▶ DIRECTIONS FOR THIS TASK
Lines in the listing below may contain the string "Purple". Say how many do, giving only the number.

- - - -

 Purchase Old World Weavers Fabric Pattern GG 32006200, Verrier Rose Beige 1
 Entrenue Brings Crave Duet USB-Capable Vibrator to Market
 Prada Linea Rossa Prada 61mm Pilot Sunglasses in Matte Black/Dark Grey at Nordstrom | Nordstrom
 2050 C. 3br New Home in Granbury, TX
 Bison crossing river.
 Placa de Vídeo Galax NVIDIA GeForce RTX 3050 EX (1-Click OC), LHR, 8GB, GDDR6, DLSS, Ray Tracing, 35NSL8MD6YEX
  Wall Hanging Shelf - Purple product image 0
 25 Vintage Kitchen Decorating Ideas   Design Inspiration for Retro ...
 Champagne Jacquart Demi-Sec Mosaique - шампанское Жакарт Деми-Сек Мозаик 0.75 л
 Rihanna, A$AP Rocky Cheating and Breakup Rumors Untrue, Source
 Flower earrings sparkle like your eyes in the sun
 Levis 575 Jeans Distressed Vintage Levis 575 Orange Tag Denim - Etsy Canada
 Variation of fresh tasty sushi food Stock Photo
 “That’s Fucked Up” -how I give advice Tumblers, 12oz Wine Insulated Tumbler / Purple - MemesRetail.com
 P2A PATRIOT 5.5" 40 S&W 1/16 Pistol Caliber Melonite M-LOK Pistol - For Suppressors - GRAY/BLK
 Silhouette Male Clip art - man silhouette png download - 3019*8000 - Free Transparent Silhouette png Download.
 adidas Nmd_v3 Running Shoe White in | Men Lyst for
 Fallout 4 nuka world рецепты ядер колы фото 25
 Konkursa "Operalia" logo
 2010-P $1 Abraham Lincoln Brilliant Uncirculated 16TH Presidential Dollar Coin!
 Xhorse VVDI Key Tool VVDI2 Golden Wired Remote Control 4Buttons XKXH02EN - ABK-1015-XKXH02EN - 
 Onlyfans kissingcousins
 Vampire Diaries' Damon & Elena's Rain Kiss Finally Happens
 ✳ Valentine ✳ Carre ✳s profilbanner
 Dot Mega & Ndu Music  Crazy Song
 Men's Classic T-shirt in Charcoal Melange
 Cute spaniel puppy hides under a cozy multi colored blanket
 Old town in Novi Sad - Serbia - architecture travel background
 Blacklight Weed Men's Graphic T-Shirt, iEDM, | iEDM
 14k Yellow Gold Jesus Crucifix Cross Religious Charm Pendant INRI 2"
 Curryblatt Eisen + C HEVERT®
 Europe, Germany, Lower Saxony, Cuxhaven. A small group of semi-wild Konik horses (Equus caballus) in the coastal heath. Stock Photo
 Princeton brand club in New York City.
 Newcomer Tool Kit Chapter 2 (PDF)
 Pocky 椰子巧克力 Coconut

- - - -

▶ EXERCISE RESPONSE
2